##### Data provided
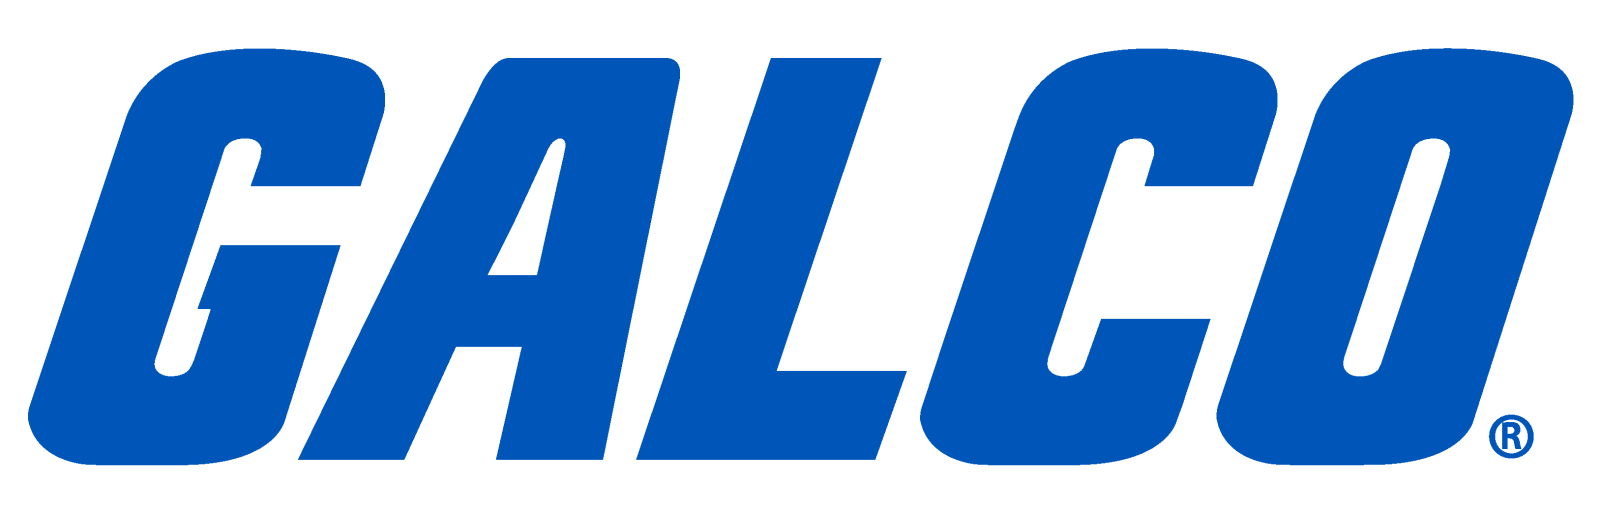 galco-logo-blue (2)
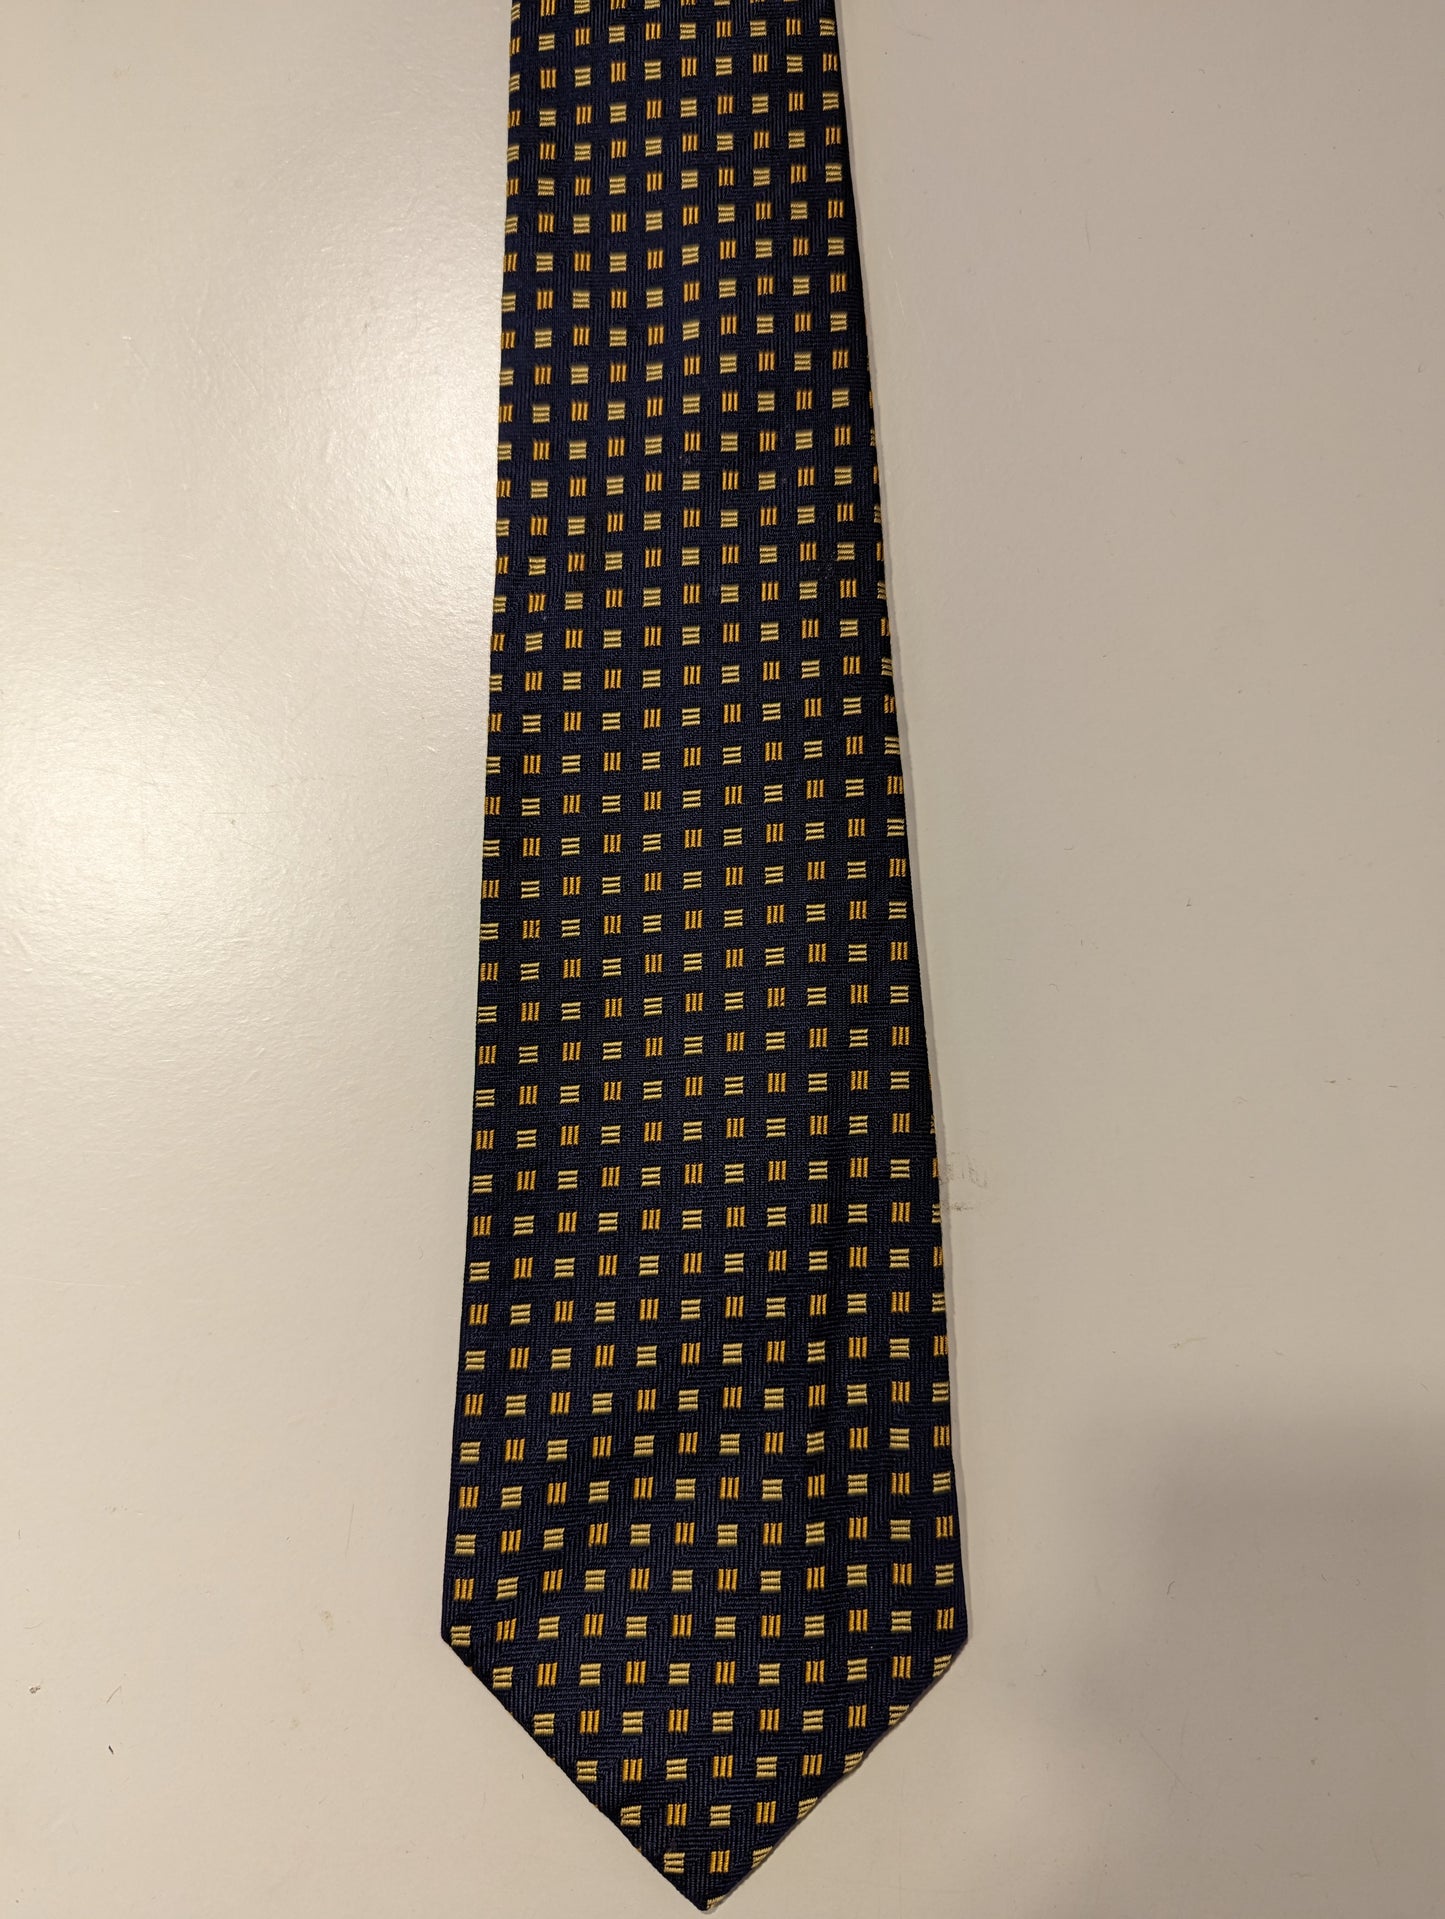 La cravatta di seta inglese con cappuccio. Motivo giallo blu.
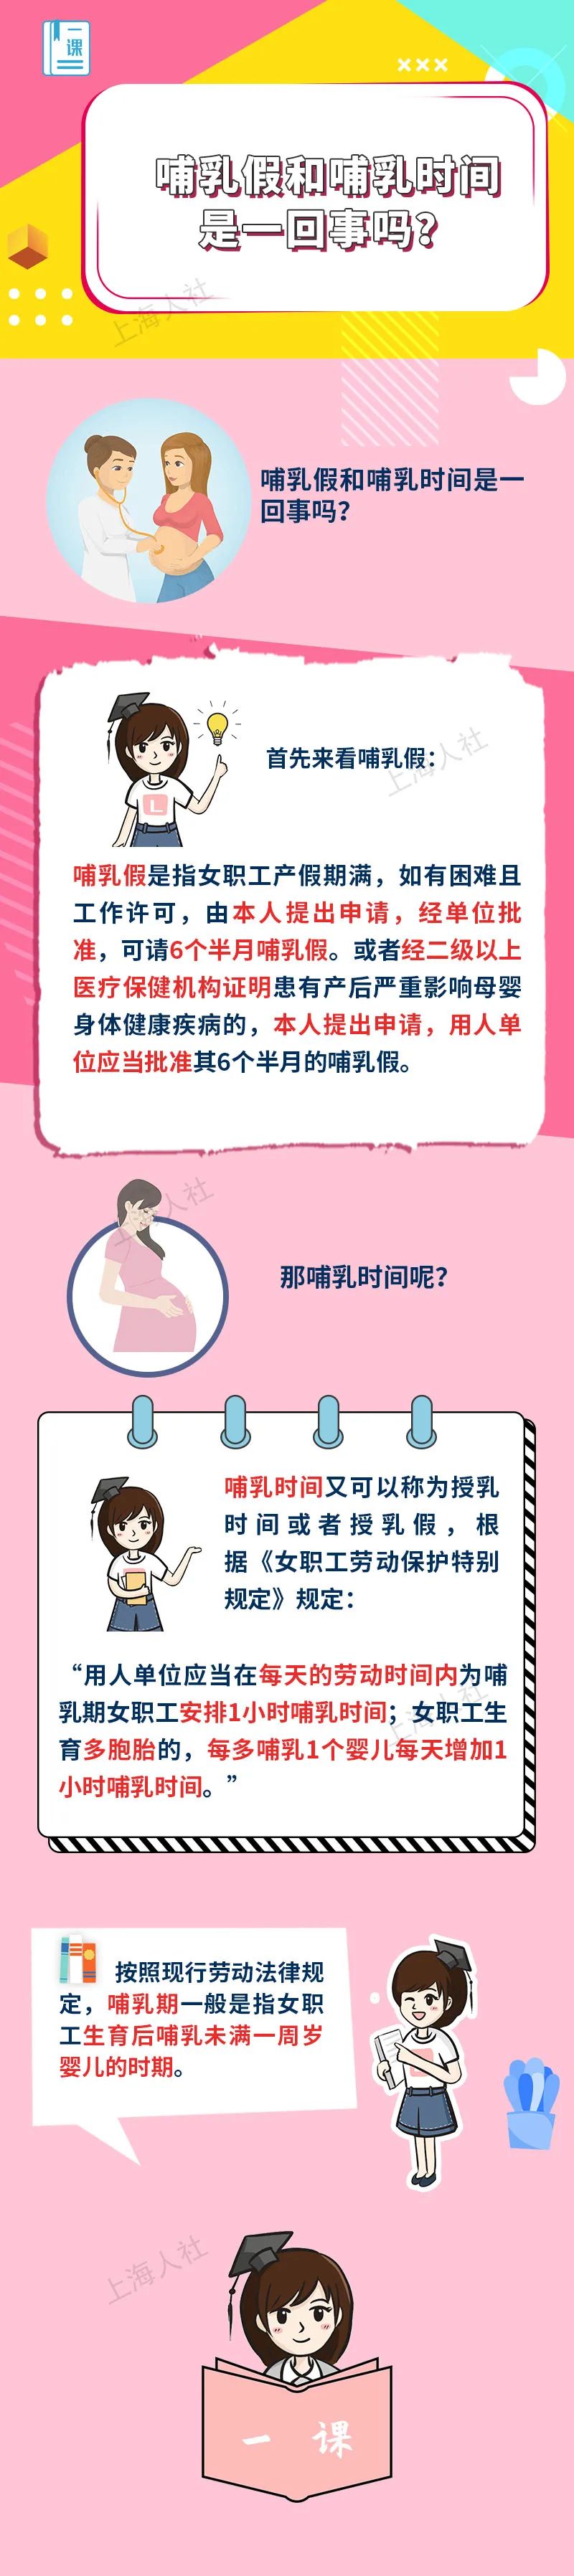 来源:上海人力资源和社会保障原标题:《哺乳假和哺乳时间是一回事吗?
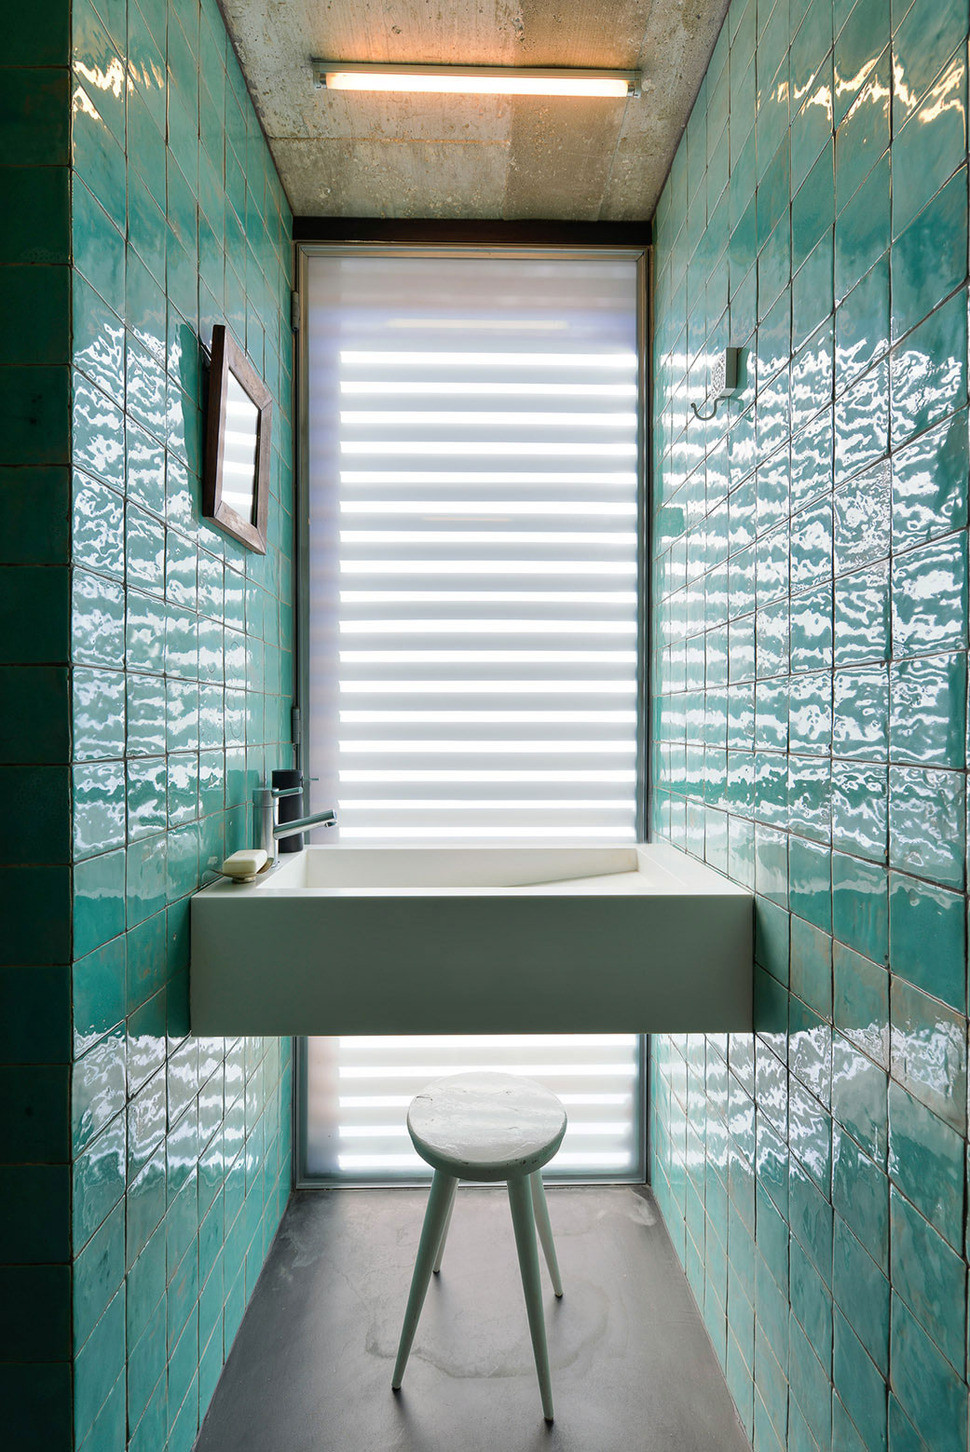 Bathroom Ideas With Tiles
 Top 10 Tile Design Ideas for a Modern Bathroom for 2015
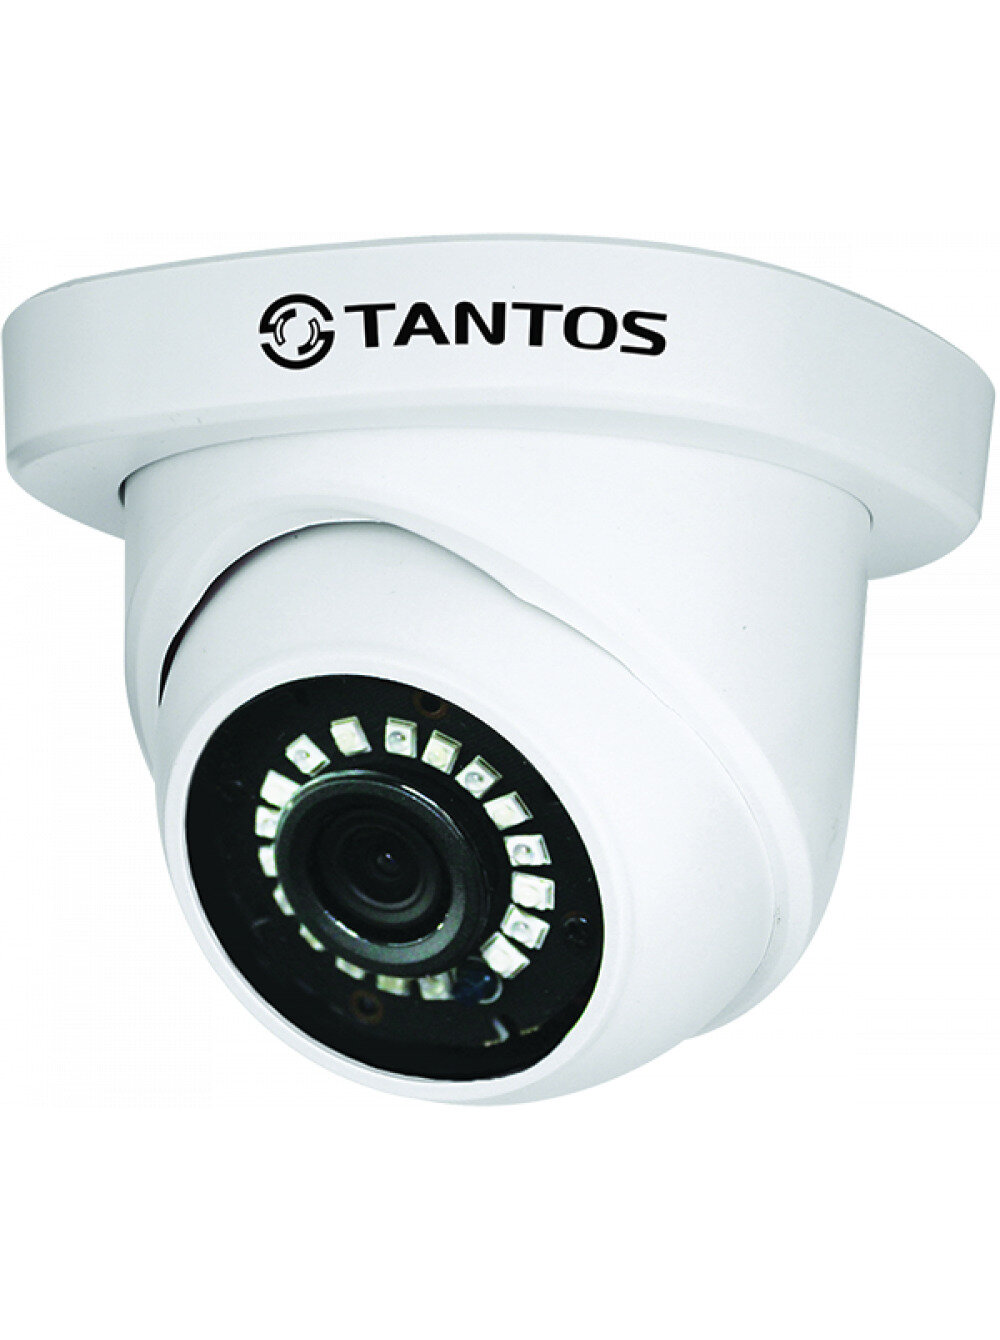 Видеокамера HD (AHD, TVI, CVI, CVBS) купольная внутренняя Tantos TSc-EB720HDf 3.6mm
##########
> **Work to be completed**:
Leaving aside the images, write out every entry above exactly.

> **Response below**:
 galco-logo-blue (2)
 La cravatta di seta inglese con cappuccio. Motivo giallo blu.
 来源:上海人力资源和社会保障原标题:《哺乳假和哺乳时间是一回事吗?
 Bathroom Ideas With Tiles
 Top 10 Tile Design Ideas for a Modern Bathroom for 2015
 Видеокамера HD (AHD, TVI, CVI, CVBS) купольная внутренняя Tantos TSc-EB720HDf 3.6mm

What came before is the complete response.